SoFunction
Updated on 2025-04-11

PHP uses puppeteer to grab the page content rendered by JS

Recently I encountered a problem, and I needed to crawl the content of the web page rendered by js, so I studied the relevant implementation methods. Mainly rely onpuppeteerImplementation, it is a Node library. If you want to use it in PHP, you also use it.spatie/browsershot

Environmental dependency

environment Require
Node >=7.6.0
PHP >=7.1
PHP extension php_sockets, php_exif

puppeteer

PuppeteerIt's oneNodeLibrary, I installed this library directly using npm under the php project, and then use it tospatie/browsershotto call it. Readers can also create a new node project to install this library, and then expose a port to the outside world to pass the URL to return the HTML content through the interface.

npm i puppeteer --save

Install Chromium offline

InstallpuppeteerWill download it whenChromium, because it may not be downloaded for well-known reasons, so the following provides an offline download method.

Skip to install chromium

If the previous command has been run and downloadingChromiumThen, you canCtrl+CStop the task. If it has not been run, use the following command to install.

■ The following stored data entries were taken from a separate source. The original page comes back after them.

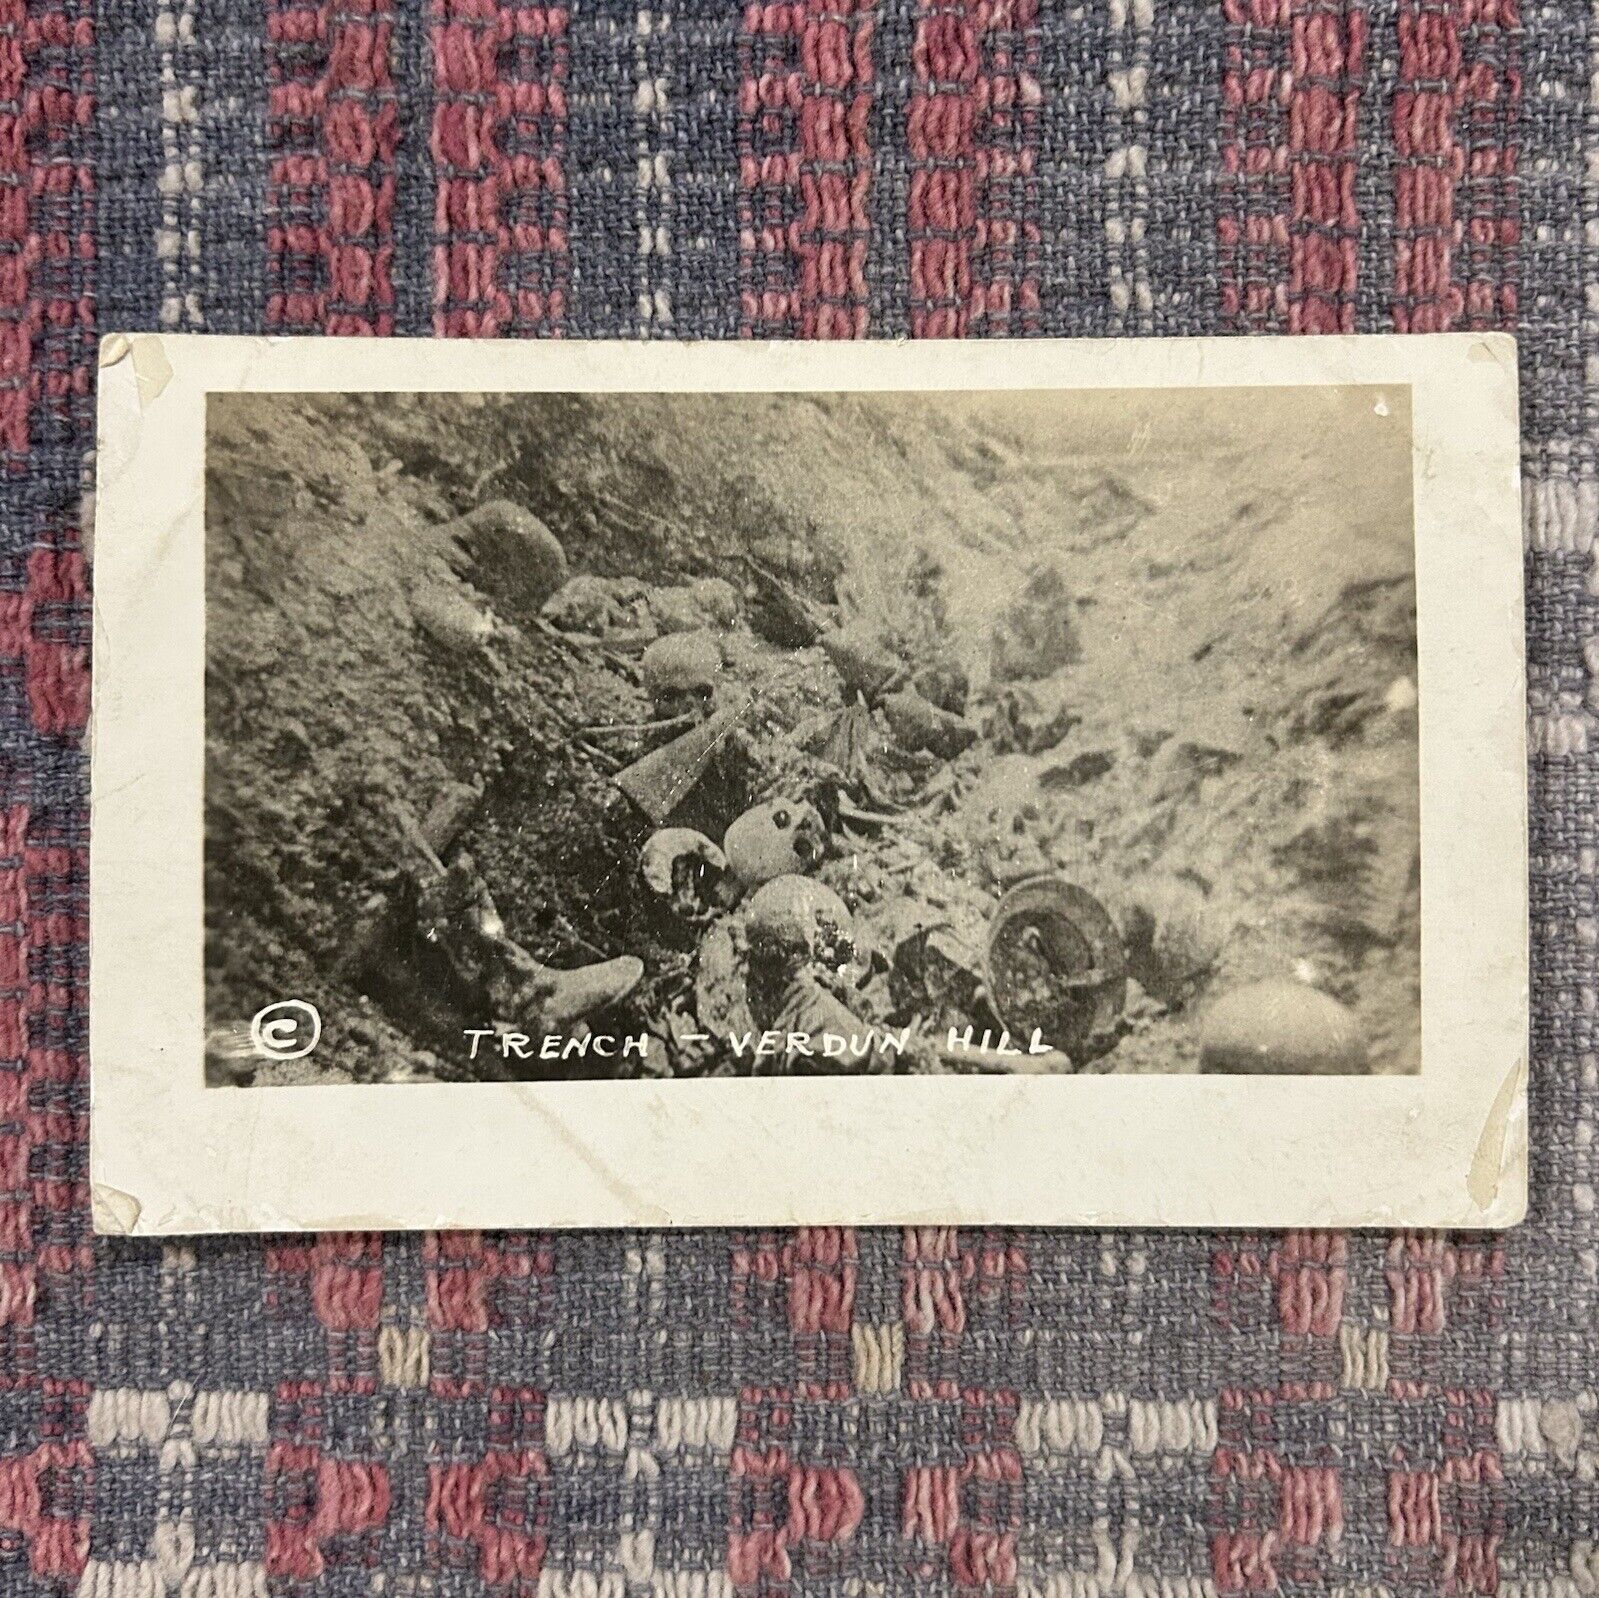 Antique WWI Dead Mans Hill Verdun France Battlefield Photo Postcard 1918 RPPC
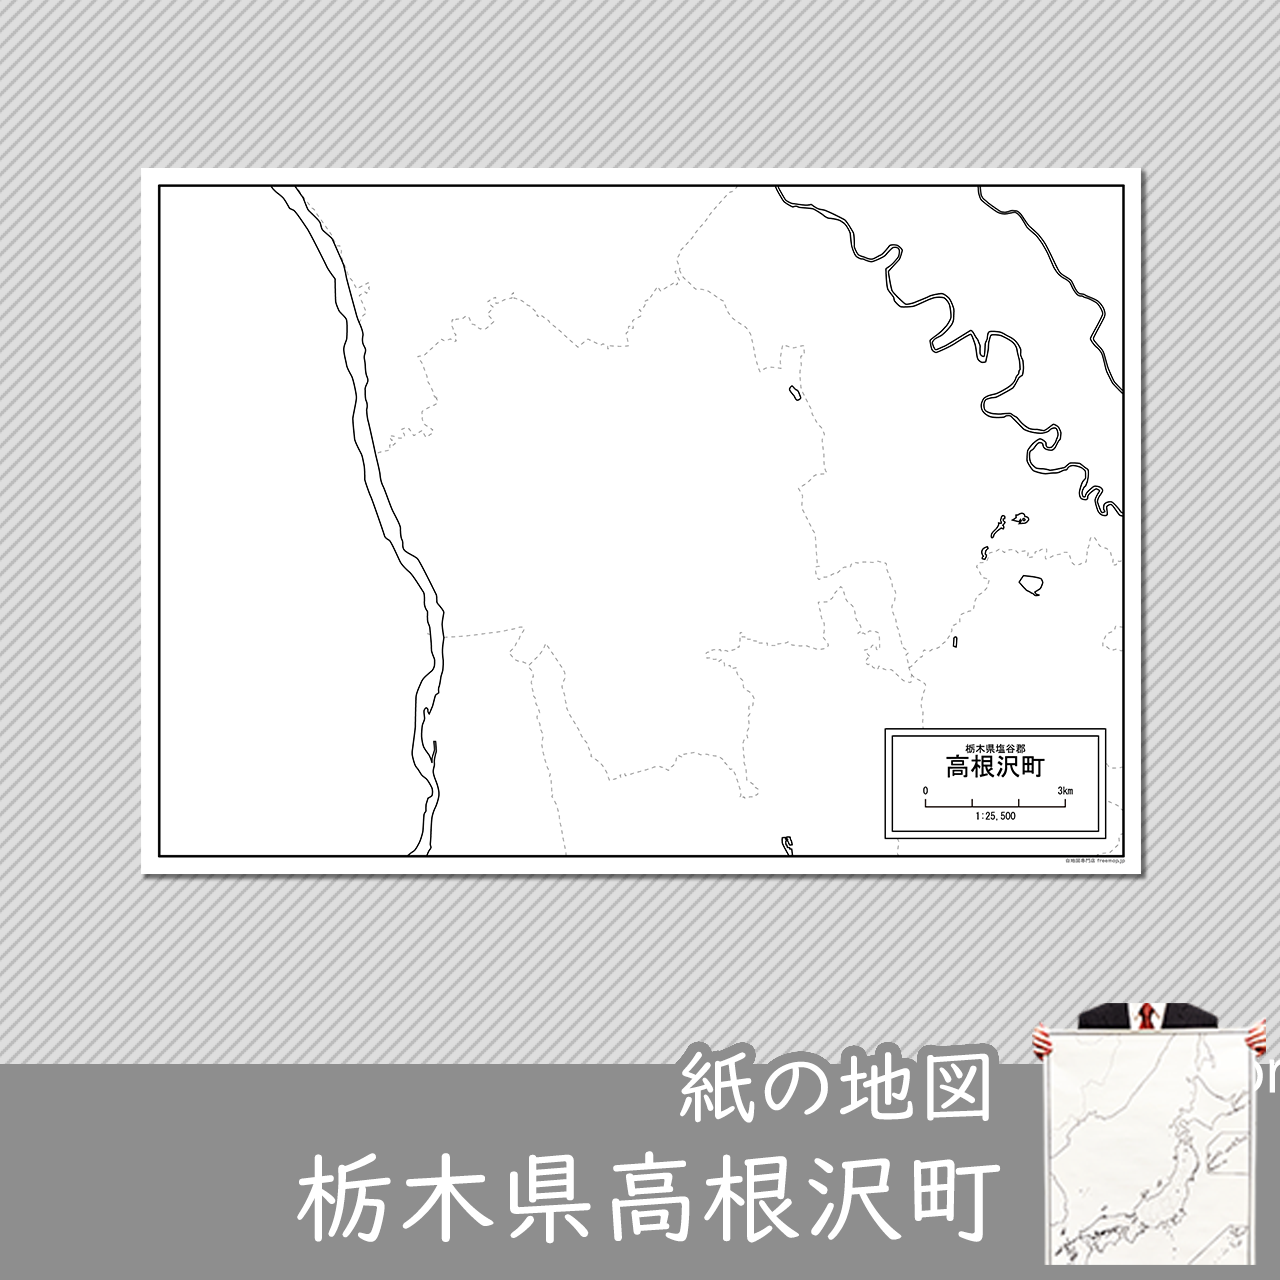 高根沢町の紙の白地図のサムネイル
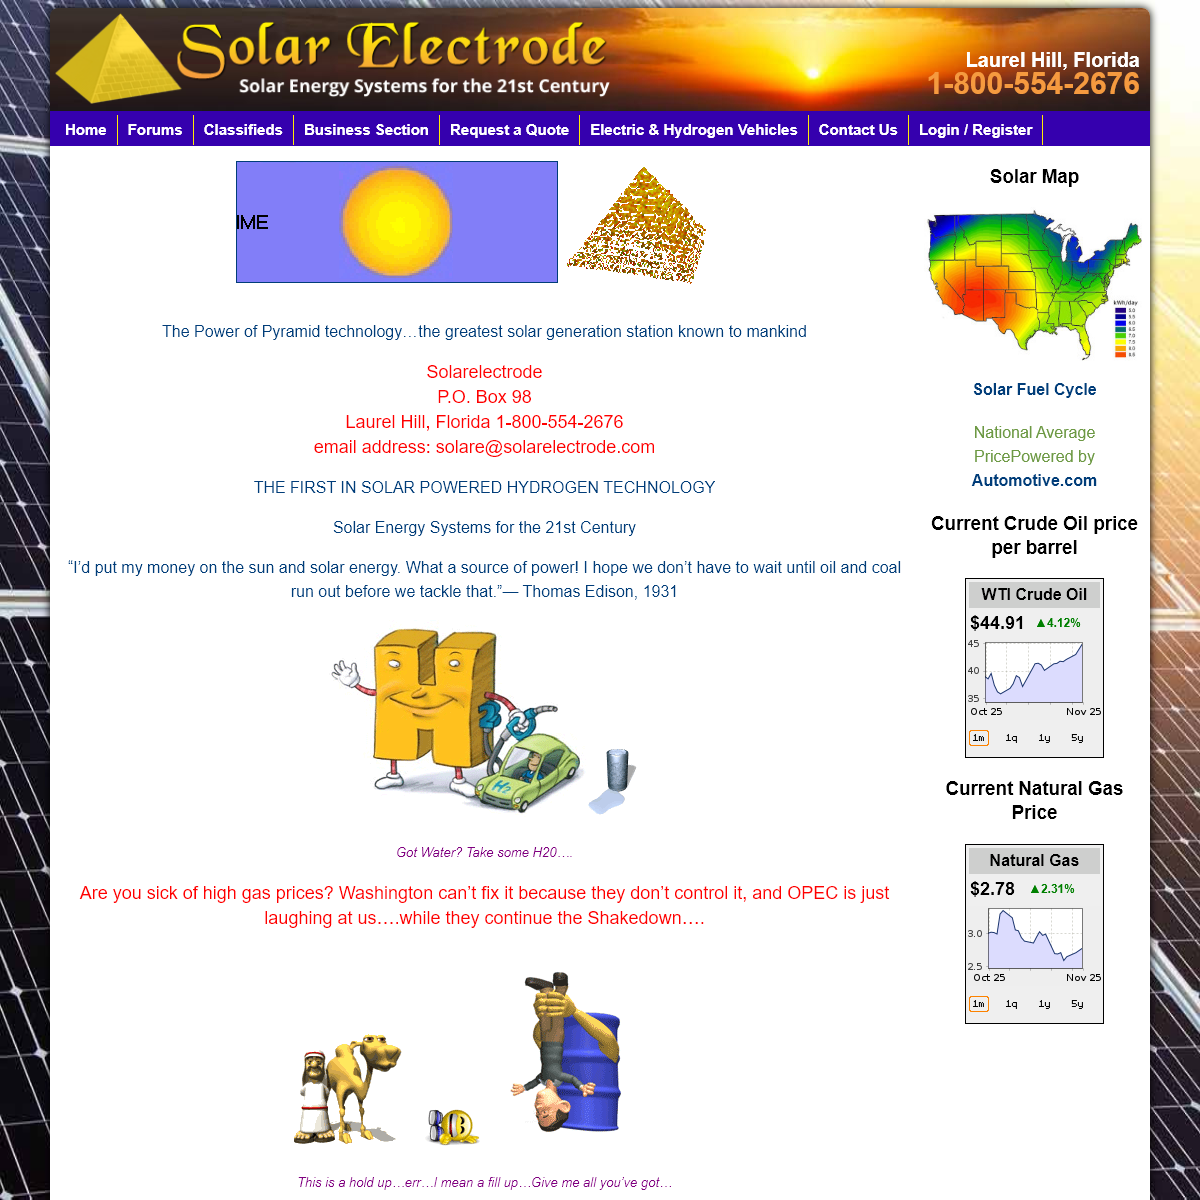 A complete backup of solarelectrode.com
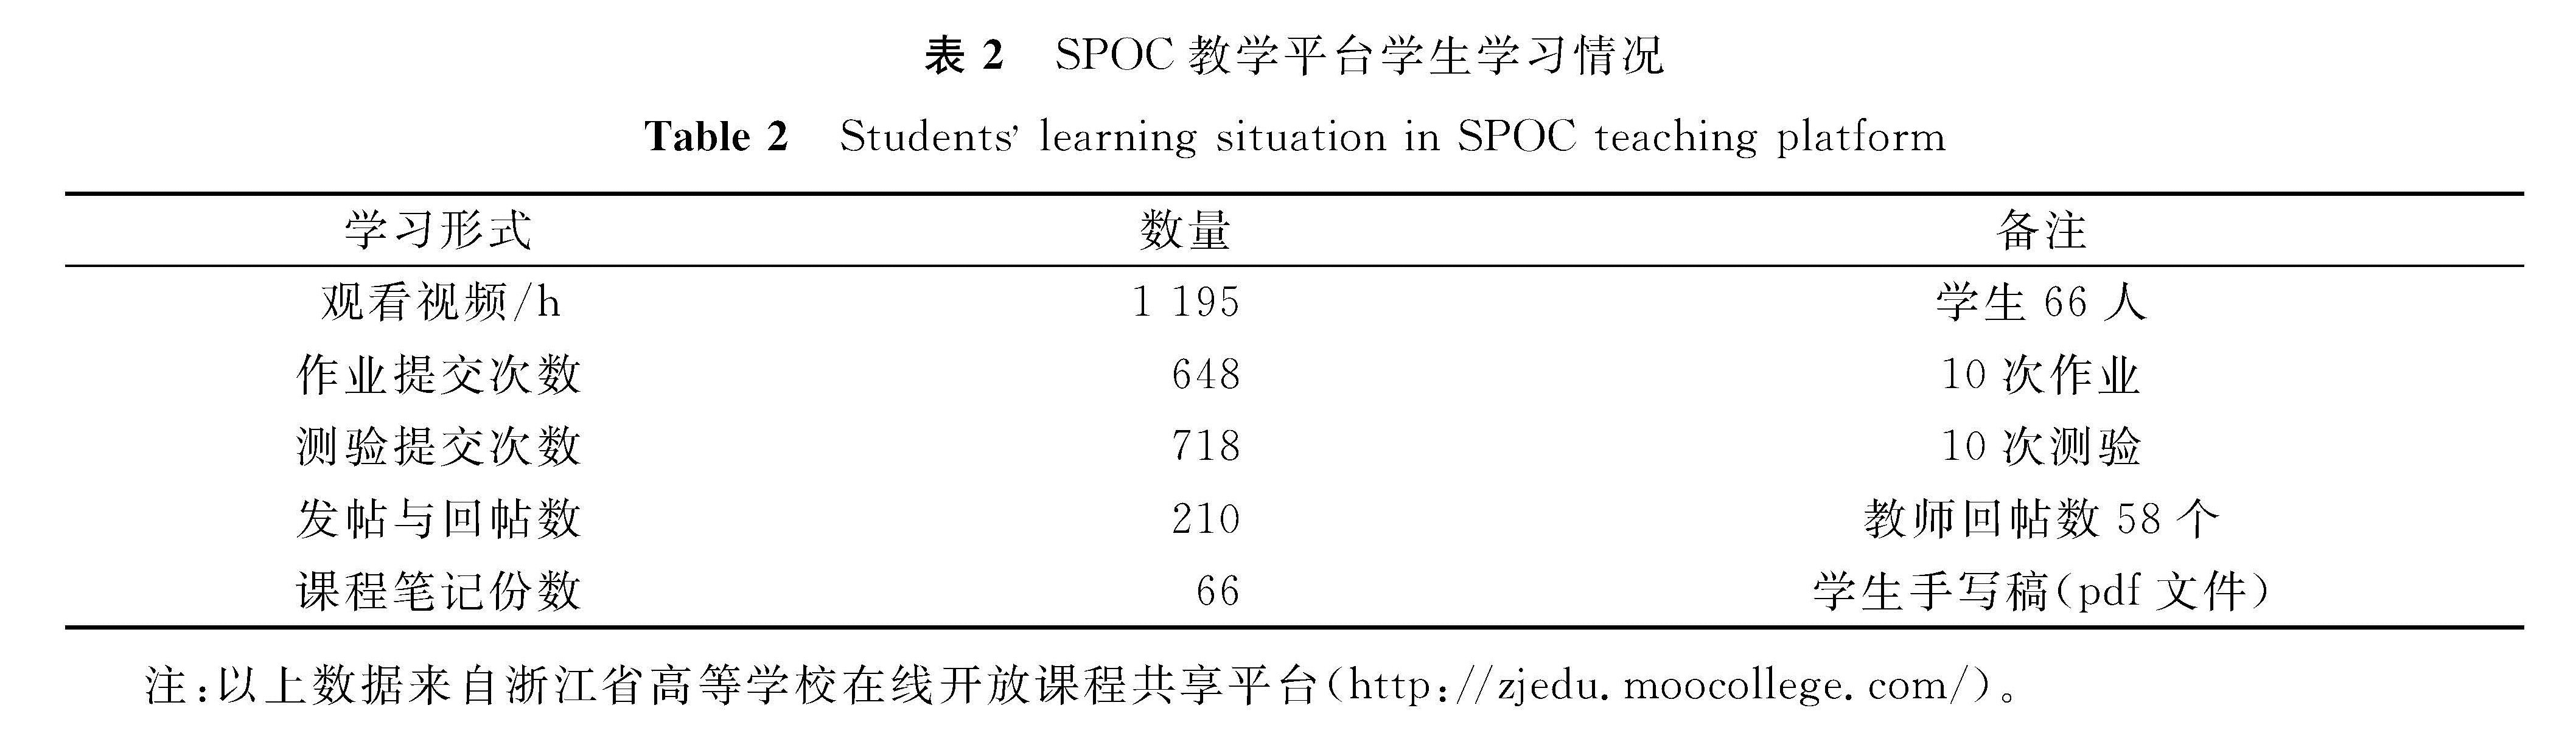 表2 SPOC教学平台学生学习情况<br/>Table 2 Students learning situation in SPOC teaching platform

npm i puppeteer --ignore-scripts

Get the chromium version number that needs to be downloaded

Open/node_modules/puppeteer/searchchromium_revisionCorrespondingVersion number

"puppeteer": {
    "chromium_revision": "756035",
    "firefox_revision": "latest"
}

Download the corresponding version of chromium

Replace the characters in the braces below with the version number above, for example, I'm locallywin x64, the download address is/chromium-browser-snapshots/Win_x64/756035/

macDownload address:
/chromium-browser-snapshots/Mac/{chromiumVersion}/

windows 64位Version下载地址:
/chromium-browser-snapshots/Win_x64/{chromiumVersion}/

windows 32位Version下载地址:
/chromium-browser-snapshots/Win/{chromiumVersion}/

Linux X86Version下载地址:
/chromium-browser-snapshots/Linux/{chromiumVersion}/

Linux X64Version下载地址:
/chromium-browser-snapshots/Linux_x64/{chromiumVersion}/

Decompression

Will download itchromiumUnzip the installation package topuppeteerIn-house.local_chromium/win64-{chromium version number}/In the directory. Take mine as an example/node_modules/puppeteer/.local_chromium/win64-756035/chrome-win/. Get it done ~

spatie/browsershot

browsershotIt's onecomposerPackage, I've used it beforespatie/laravel-permission, they are all produced by the same team

composer require spatie/browsershot

use

In fact, the difficult part is finding the right tools and installation tools, which is actually very simple to use. Here is a very simple example, and more methods are to look atOfficial DocumentationBar.

<?php
use Spatie\Browsershot\Browsershot;
class Spider
{
    /**
      * Get html content
      * @param $url
      * @return string
      */
    public static function getBodyHtml($url)
    {
        return Browsershot::url($url)->bodyHtml();
    }
}

Summarize

This is the article about PHP using puppeteer to crawl the page content rendered by JS. This is the end of this article. For more related PHP to obtain the page content rendered by JS. Please search for my previous articles or continue browsing the related articles below. I hope everyone will support me in the future!